IRS, You Have Been Missed!

Media Planners are eagerly anticipating the relaunch of the survey after a gap of four years

e4m by Venkata Susmita Biswas
Updated: Jan 18, 2018 9:00 AM

Media agencies who have been operating on outdated and unverified data in the absence of the Indian Readership Survey are looking forward to the relaunch of the survey on Thursday in Mumbai. Agency heads are also counting on the survey to finally validate all the assumptions that they have been making for the last four years.
The study was severely missed during the last four years when mobile penetration has been increasing at an exponential pace. “We have felt the absence of IRS in a period of dramatic mobile penetration changing the way media is consumed across both Urban and Rural India,” said Harish Shriyan, CEO, Omnicom Media Group India. Mohit Joishi, ‎Managing Director, Havas Media Group India, said that he too missed the expansive study especially in the area of Rural Segmentation. 
Agencies have been functioning blind for four years during which time newspapers have been hiking ad rates without any formal value being set for the product. “While there will always be debates on opinions and accuracy, having no yardstick is not a great substitute to having one,” noted Vikas Mehta, CEO, PointNine Lintas.
From a print industry perspective, India is one of the few countries in the world where Print is still growing. “The publishing industry was flying pretty much half-blind for as long as four years. From that point of view alone Thursday’s relaunch is very significant - it is a welcome return of IRS,” said Mehta. 
Media planners are awaiting the relaunch as it will finally put an end to the era of negotiations that emerged over the last four years. “Thankfully, now we will have more recent data to be able to recommend options to our clients - which is very critical. Because we have been looking at numbers quoted by publications themselves so there is no veracity to that data,” said Rajni Menon as CEO of Carat, looking forward to the launch of the report.

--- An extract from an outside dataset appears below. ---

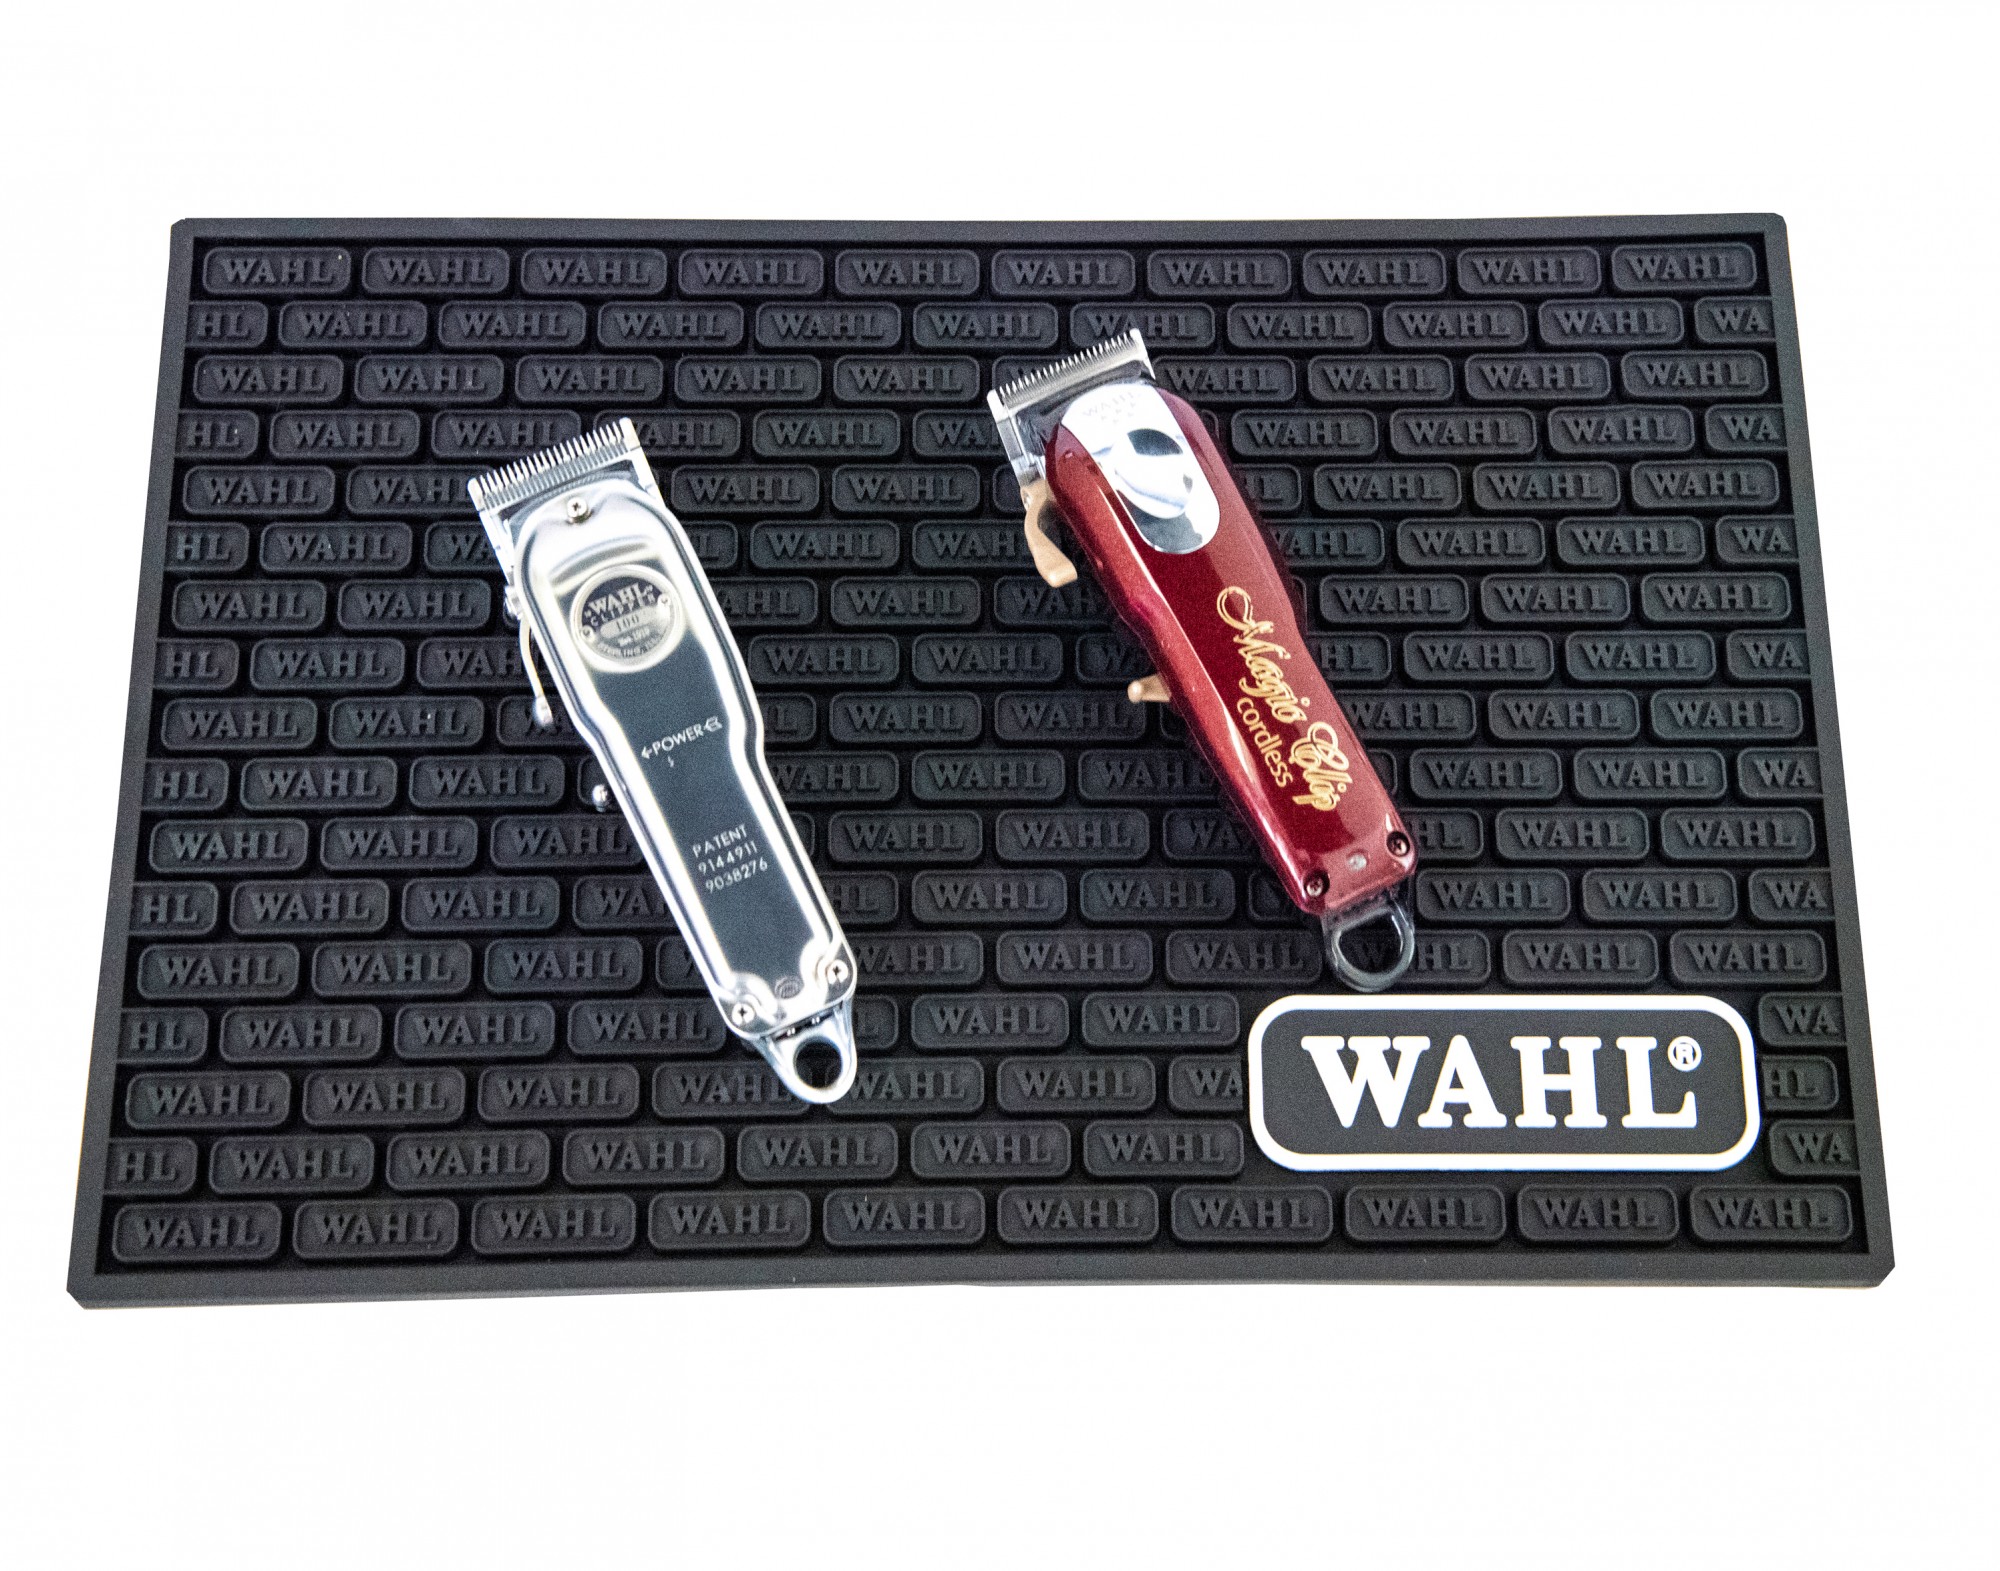 Pracovní podložka WAHL 0093-6410 Barber Tool Mat 1
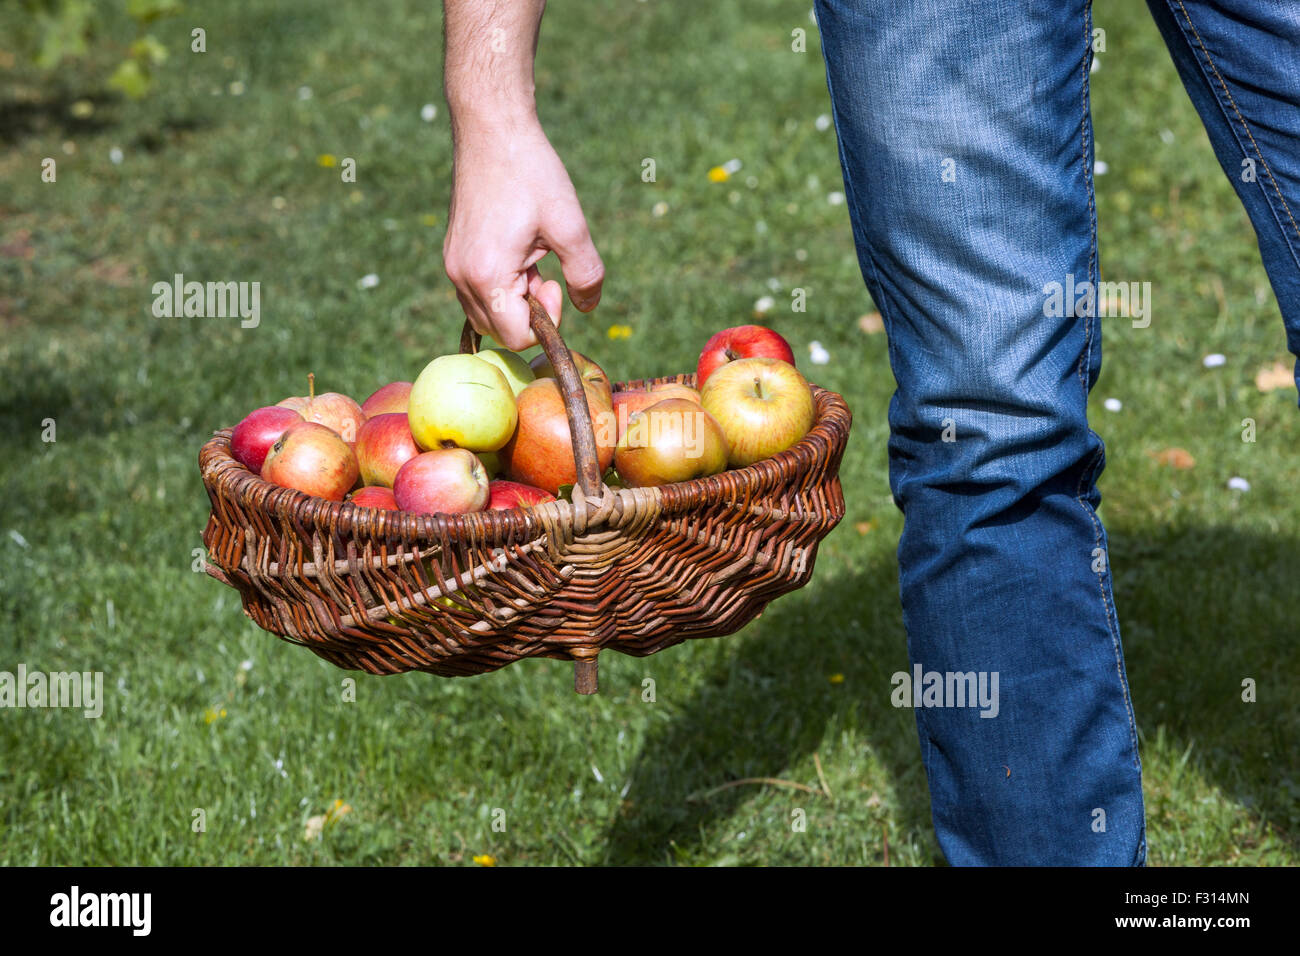 Un homme porte les pommes dans le panier, panier en osier, la récolte d'automne les fruits cueillis Banque D'Images

Aside from perceptions and opinions, agencies have not had any external benchmark to peg one publication against another. “We are therefore looking forward to an objective viewpoint and we are hoping that this will bring a sense of accountability across publications, which a medium as important as print surely needs,” said Mehta.
The IRS was condemned and rejected by around 18 member publications in 2014 for being “flawed”. Therefore, the expectations from the report now are very high. Agency heads believe that Media Research Users Council (MRUC) has conducted a rigorous study and are therefore hoping to see an objective report. “Last time around there was such a mess, so the biggest expectation is that these are numbers that will be accepted by the industry as a whole. The hope is that the numbers are robust and don’t have the discrepancies that were there last time,” said Menon.
Given the checks and balances that have been put in place, media planners are hoping to see an objective report. Menon hoped that since MRUC has delayed the release of the data, they have spent more time verifying and ensuring that the data is credible. Joshi said that he is very happy with the large sample size of the current survey, and hoped that the industry will be in agreement with the data.


Shriyan felt that since the study is coming back after a long gap, it may demonstrate the shifts in the industries better. “The impact on the Print media is also eagerly awaited and we believe that the language publications should have increased in reach and penetration,” he added. One of the anticipations from the report is that it will help validate the claims that publishers have been making for the last few years and the perceptions of the industry at large. “The survey should be a reality check: digital consumption should be going up, print readership should be coming down. From an internet perspective, I hope it shows that there is a huge increase in mobile penetration and how people have been getting into digital through mobile, especially in small towns and villages,” said Joshi.